Posted on:2007-04-11Degree:D.EdType:Dissertation
University:University of DelawareCandidate:Bliss, Brian AFull Text:PDF
GTID:1446390005963238Subject:Education
Abstract/Summary:
This executive position paper seeks to detail the ways power is exercised in extraclassroom settings at Pequea Valley Intermediate School. The goal of this study is to recommend practices and policies that both empower marginalized students and eliminate practices that characterize chronic delinquency amongst students.; Too many students commit repeated acts of misconduct at Pequea Valley Intermediate School and experience negative academic and social outcomes. Student-to-student exercises of power serve to rank, empower, and subordinate students, with some students demonstrating chronic delinquent behavior. Examining the exercise of power on a microlevel will enable administrators and teachers to recognize and better support an empowering and participatory education for marginalized students.; This qualitative study involved 53 field notes recorded in three extraclassroom sites at Pequea Valley Intermediate School: the cafeteria, the hallways, and the assistant principal's office.
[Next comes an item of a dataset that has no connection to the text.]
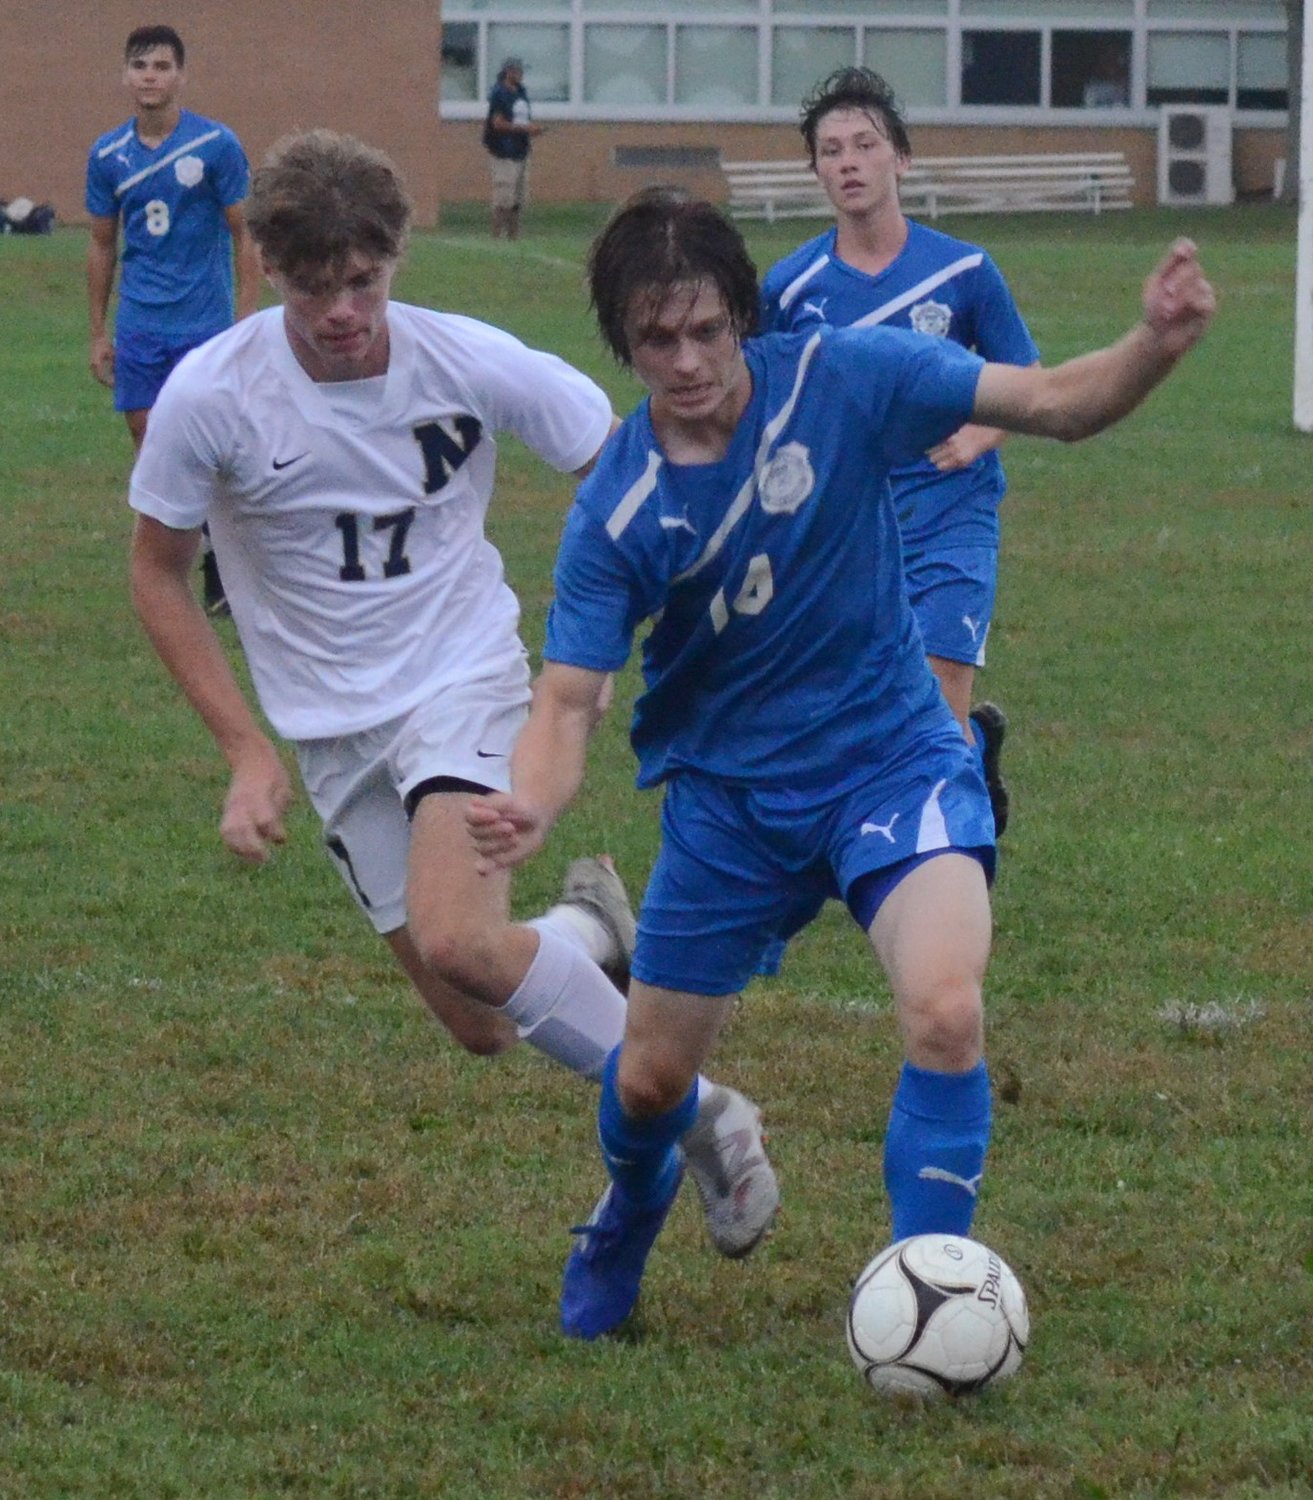 Valley Central’s Sebastien Rockwood brings the ball down the field as Newburgh’s Ryan Kirby pursues during Thursday’s OCIAA boys’ soccer game at Valley Central high School in Montgomery.

These observations yielded 479 exercises of disciplinary power that were subsequently coded into a priori coding categories derived from Michel Foucault's conceptions of disciplinary power. Seventeen students participated in semi-structured interviews designed to offer depth of information regarding the exercise of disciplinary power in these settings.; Field research revealed that power functioned in multiple and divergent ways. Students adhered to varied sets of normalized behaviors that were highly contextualized. Norms of behavior were continuously defined and rewritten, influenced greatly by the presence or absence of adult and peer surveillance. Furthermore, students demonstrated continual classification and reclassification of their peers based upon fluid and vague criteria. Behavior within peers groups was consistently normalized by its members; often, peer groups participated in the normalization of behaviors that excluded others and served to continually fix deviant status on these excluded students.; Recommendations included encouraging teachers and administrators to adopt an analytic informed by power as a productive force regarding program implementation and evaluation, facilitating students' recognition of disciplinary power, disrupting student and teacher practices that contribute to the fixation of deviancy, and interrogating teacher/administrator regulatory behaviors.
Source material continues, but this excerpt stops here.